Pizza originated as simple flatbread created by people of ancient Greece, Babylon, Egypt, Israel, and Rome.  Some believed that the Jewish Matzoth, a simple type of flatbread, introduced it to Italy.  The flatbreads in these times were used as edible bowls and were easily made with just water and flour.  Other ingredients were introduced to start making the familiar pizza we know today.  Herbs, spices, and olive oil were the first things to be added to the flatbread to give it some flavor.  Next was mozzarella cheese from Indian water buffalo.  And unlike the cheese we Americans are used to, this cheese is fresh and not dried out.  Tomatoes were the last things to be introduced.  They were thought to be poisonous at the time and then soon became a “peasant food.”  Tomatoes were eventually brought into the aristocratic society and they became a part of this beloved dish soon after.

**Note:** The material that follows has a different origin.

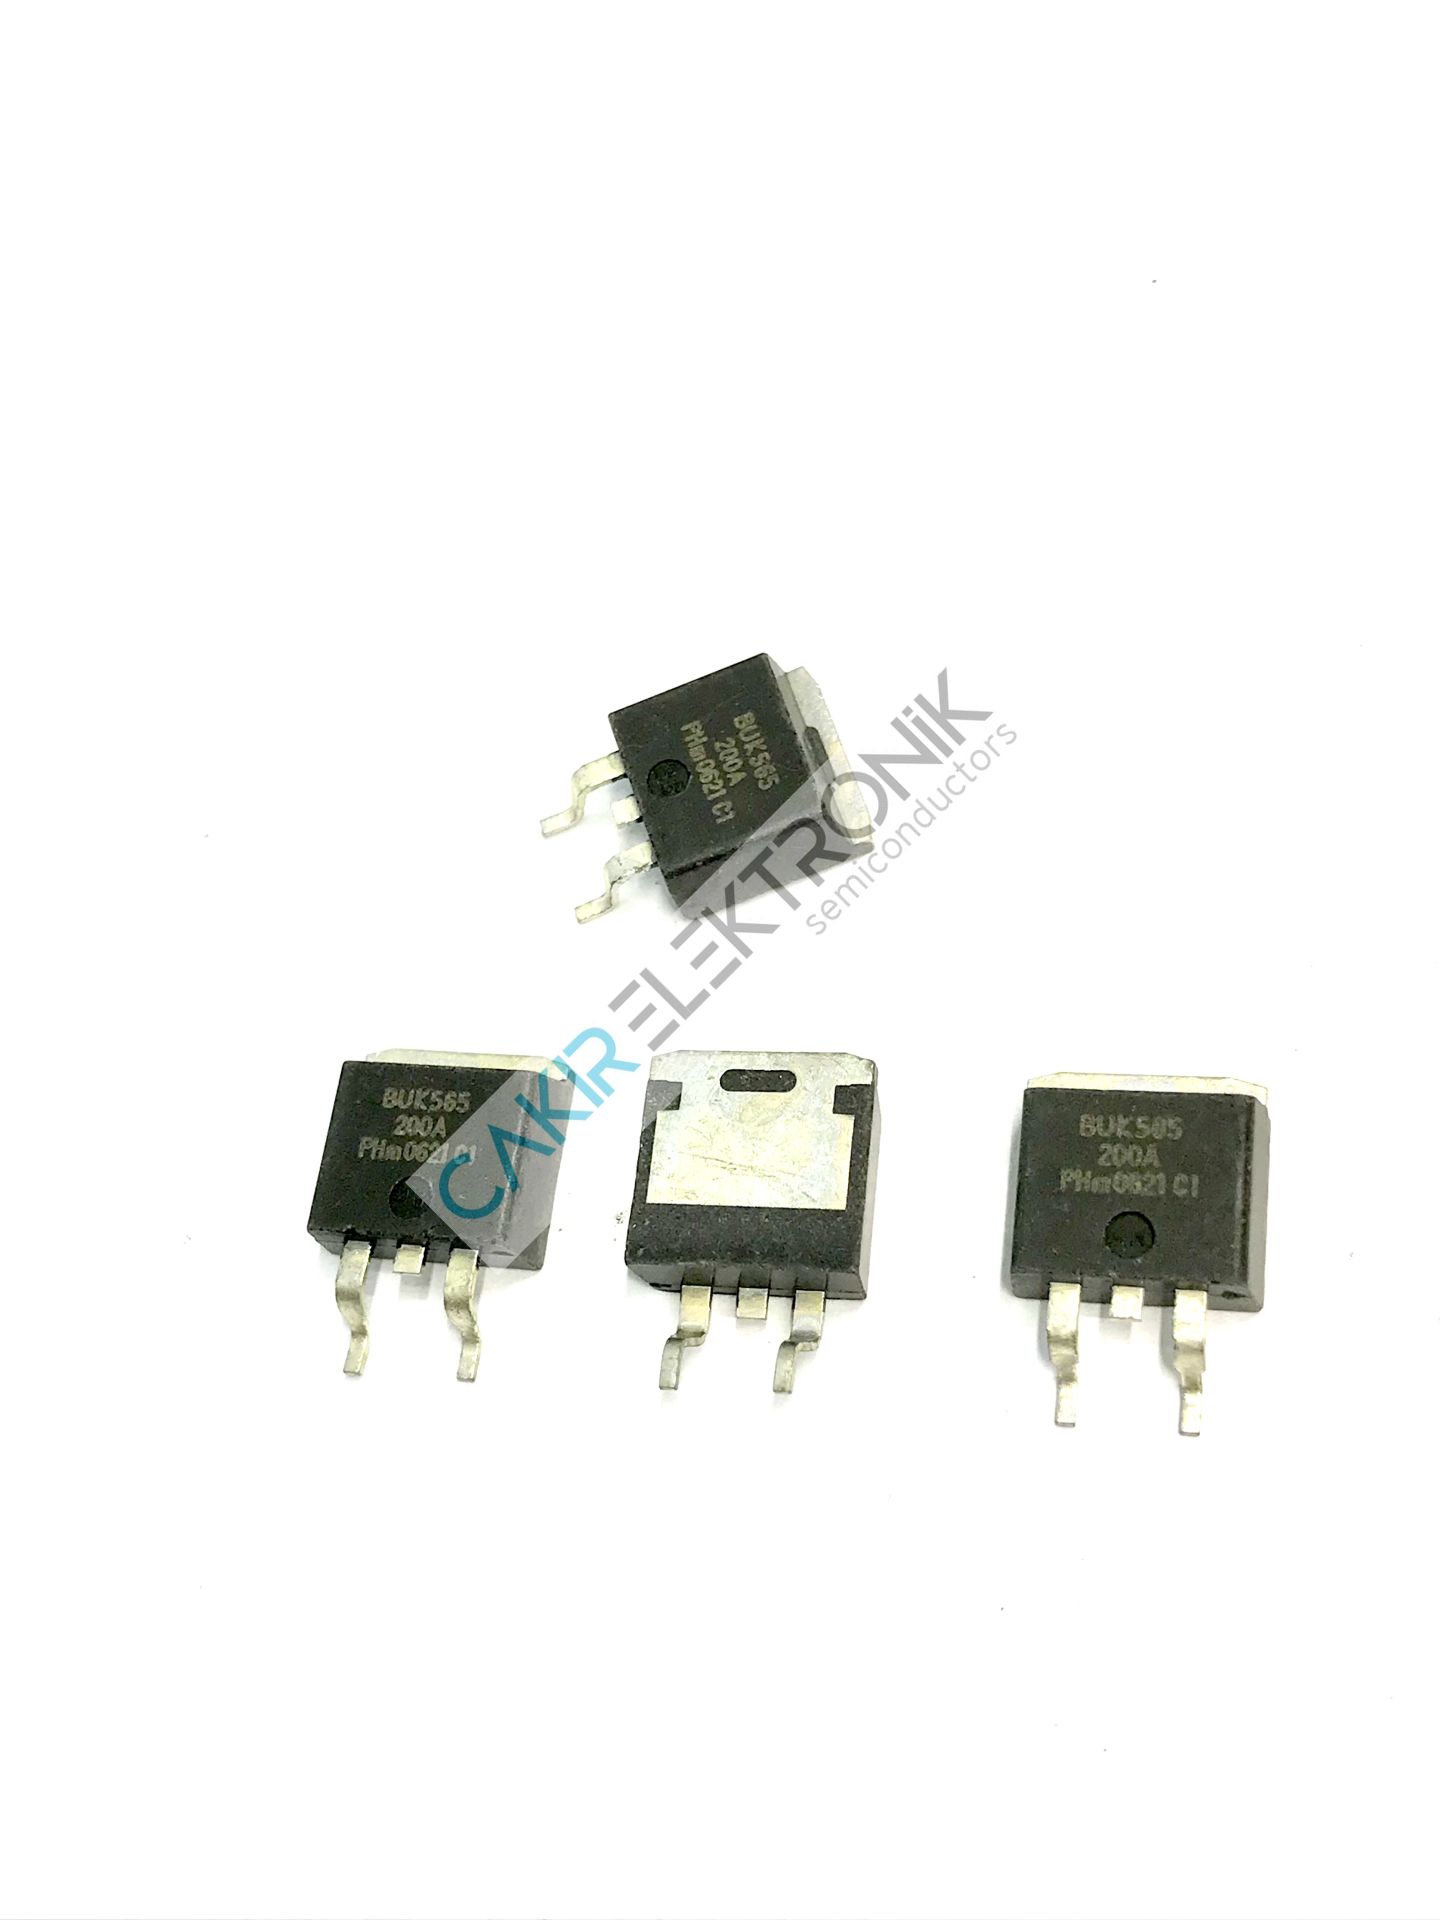 BUK565-200A - BUK565 - 14A. 200V. TO263  PowerMOS transistor  Logic level FET
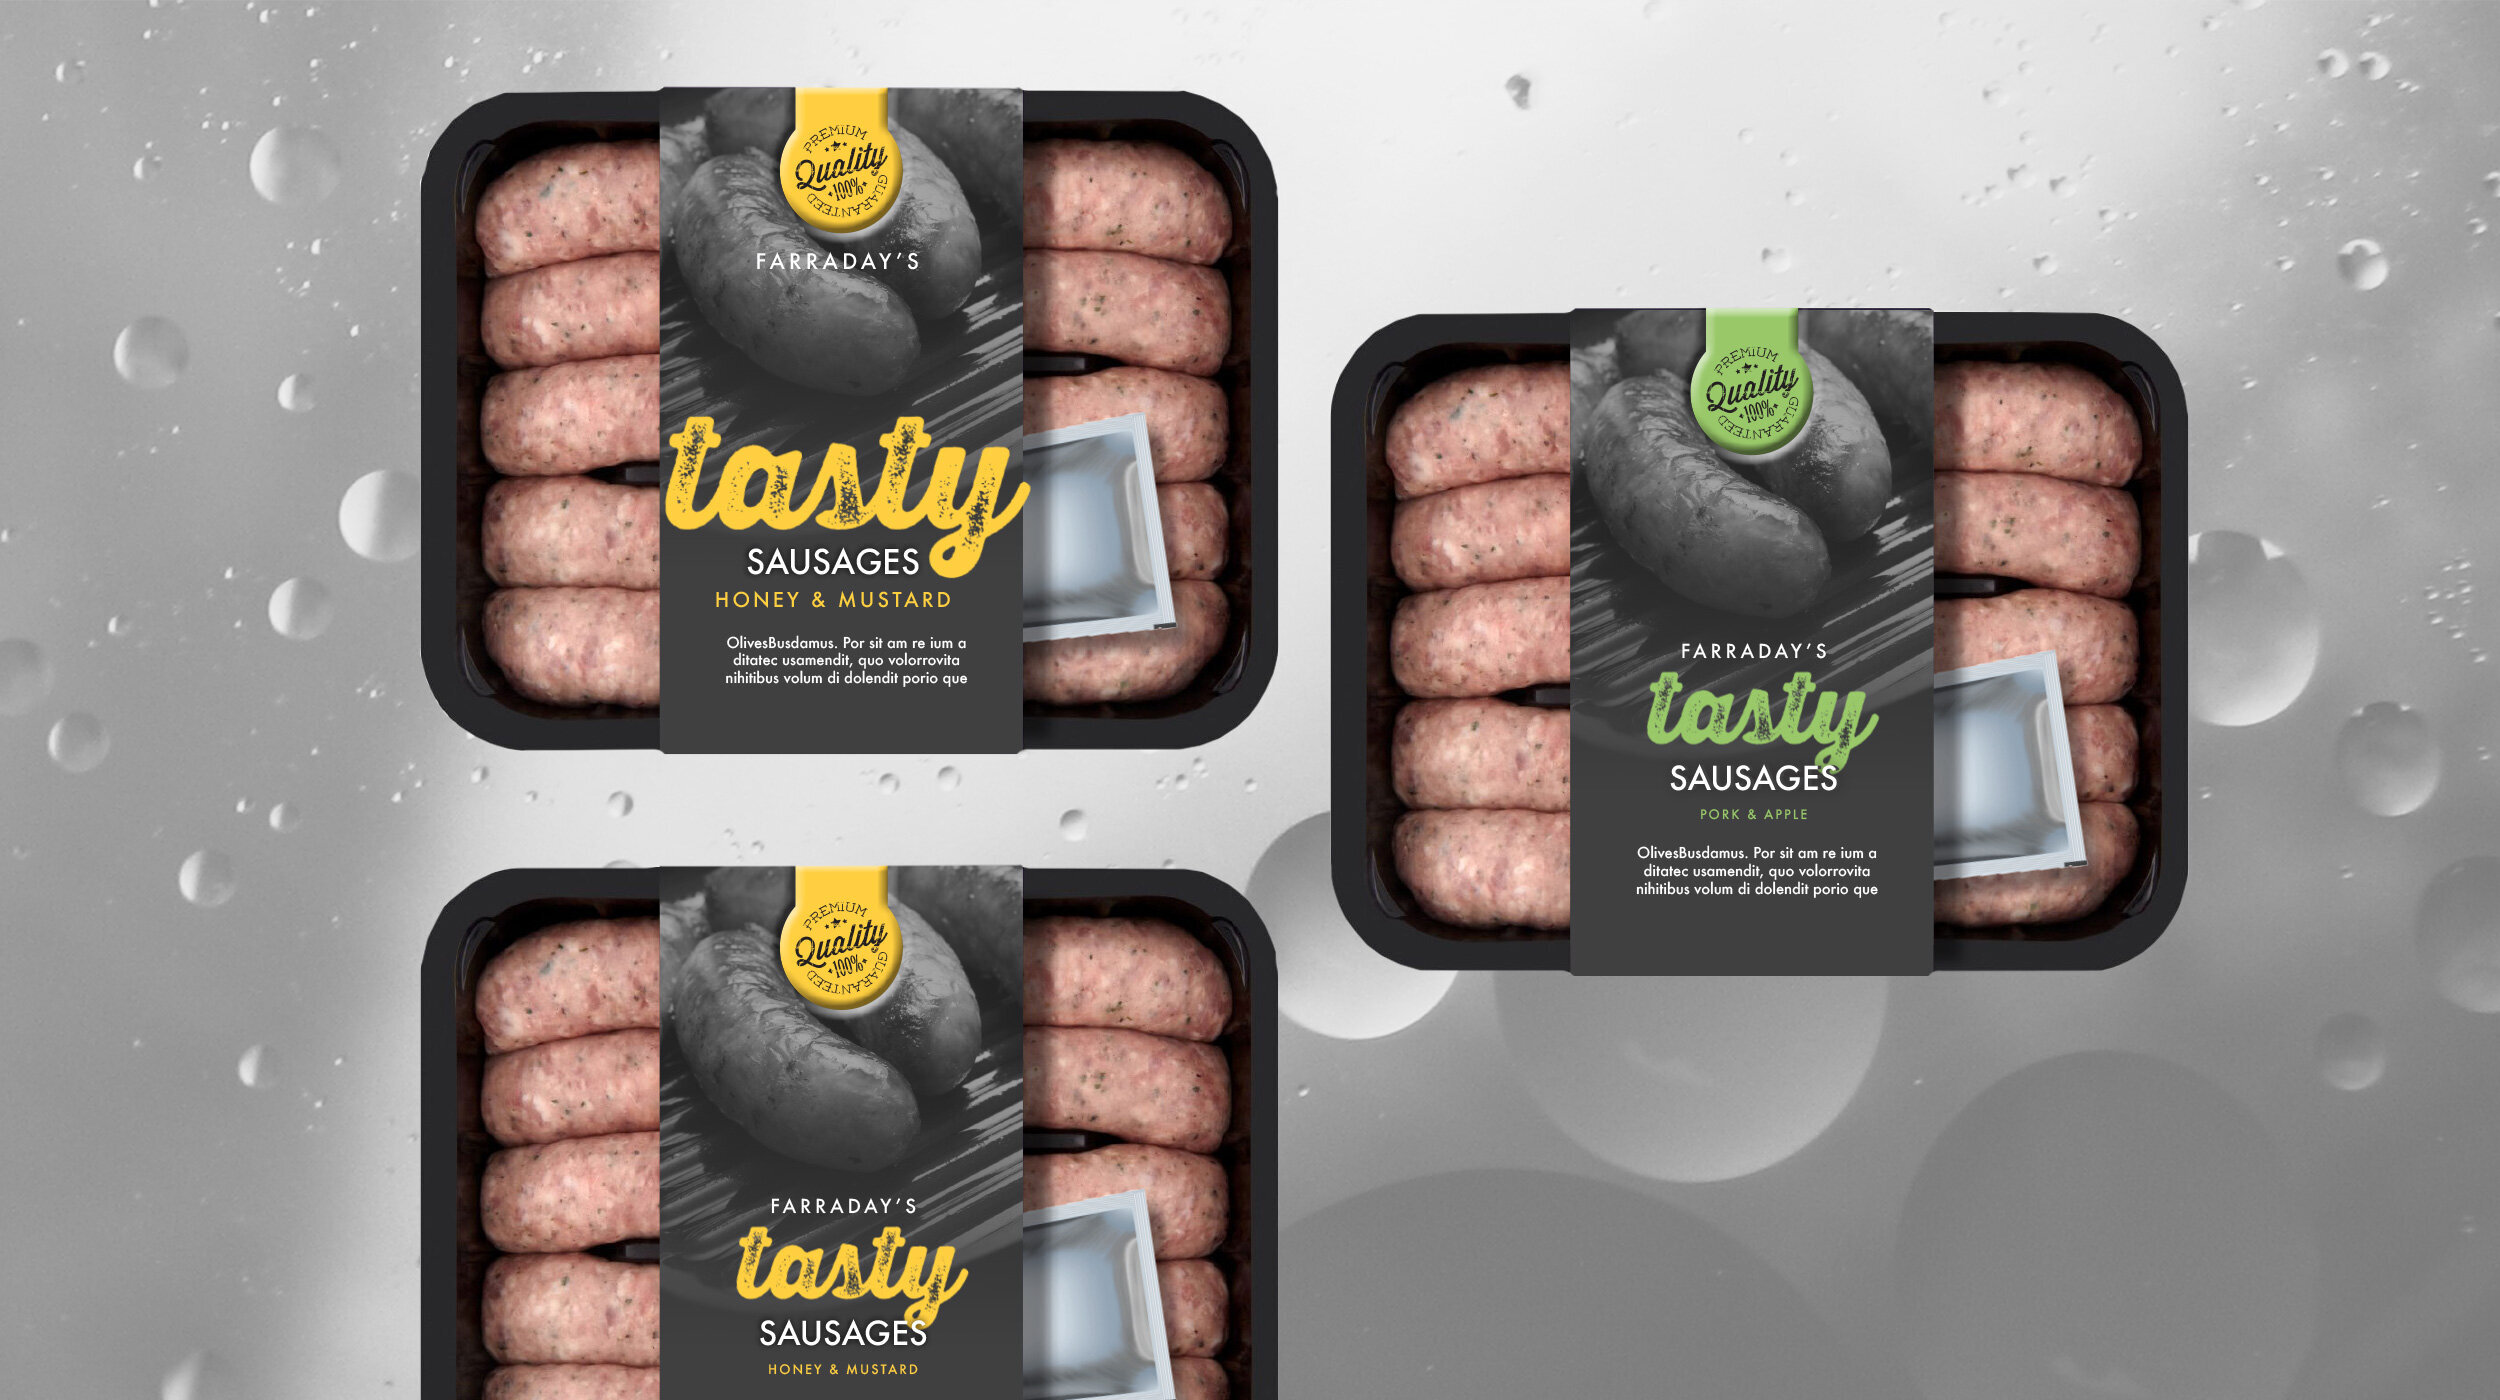 brand-food-packaging-design-farradays-tasty-adam-thorp-5.jpeg

So what’s so different about the Italian pizza?  One was mentioned: the cheese.  Most American places used processed cheese in their recipes, while the mozzarella used in Italian pizzas are fresh.  The ways the two are cooked are also drastically different.  Traditional Italian pizzas are baked in an open wood fire oven, opposed to a regular, electric oven.  And last but not least, the toppings vary.  In Italy, toppings range from just cheese and spices to vegetables and anchovies, to boiled eggs and bacon.  A much wider variety is available for any set of taste buds.

If you ever visit Italy, make sure you don’t leave without trying a true Italian pizza…or two or three or six.





One thought on “Pizza!

  1. judithgarcia says:

    Buona sera Sara,
    I will certainly try the three or six! I love the Italian pizza with “frutti di mare” (seafood such as shrimp, mussels, or scallops) and my brother loves it with anchovies. It is typical in Spain to have it with the traditional Italian toppings but pepperoni is not very popular back there. I loved how you explained the possible origins for the flatbread.